Grid (grĭd) n.
1. Something resembling a framework of crisscrossed parallel bars, as in rigidity or organization
2. An interconnected system for the distribution of electricity or electromagnetic signals over a wide area, especially a network of high-tension cables and power stations.
3. The interconnected system employed by the Medico-Industrial complex to create a third party payment systems which artificially creates complexity, increases costs, reduces quality, eliminates accountability, and destroys the patient-physican relationship.
As has been documented in this blog, I have been on a health care finance reform journey for the last six months.

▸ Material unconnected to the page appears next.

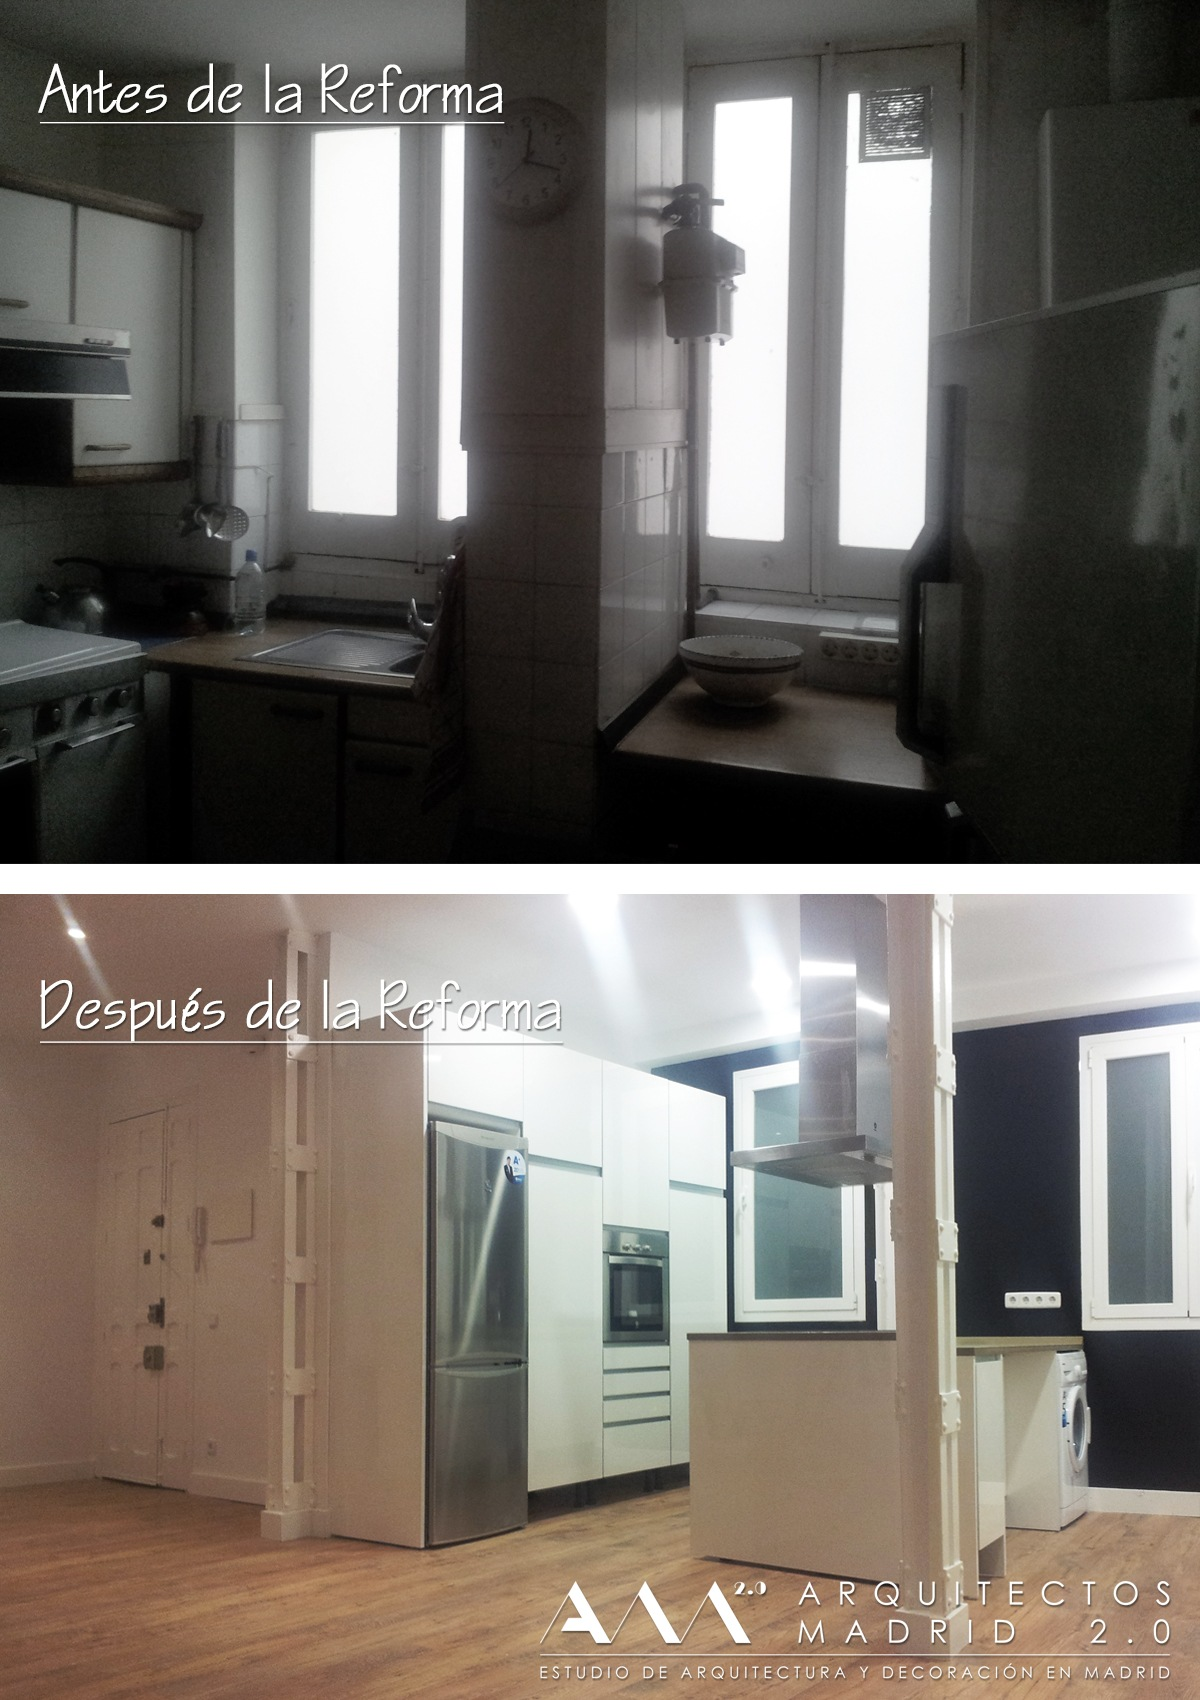 reformas-viviendas-ideas-antes-despues-pisos-casas-obras-13

I was fortunate to be given the opportunity to work with Lemhi Ventures (outstanding group of health care innovators) on looking at new models of health care delivery, financing, and insurance. During the course of that project, I learned a ton about the nature of health insurance, current status of health plans (there has been plenty of interesting news the last six months on them here, here, here, and here), followed closely the presidential debates on health care reform and become familiar with many of the innovators within this space (Prometheus, Alan Goroll, etc)
A new article just published by MDNG Live (the same magazine that featured my cover story “Meet Your New Patients” last month) showcases Jay Parkinson with the catchy title, “Jay Parkinson Sells Out!” Catchy because one thing I don’t think you will be able to call Jay is a sellout. In fact, his “stick to my guns; this is how I believe medicine should be practiced” approach has enamored him to the public media and vicariously documented the groundswell of interest in this “new” health care delivery model. “New” in quotes, of course, because there is nothing new about this model of care delivery – a patient and a physician entering into a trusted relationship wherein the physician provides services that are valued by the consumer who pays cash for them. The millennial update is that physicians can now do this in new ways, with new devices that have become commonplace in every day life except for in the inane and archaic world of health care.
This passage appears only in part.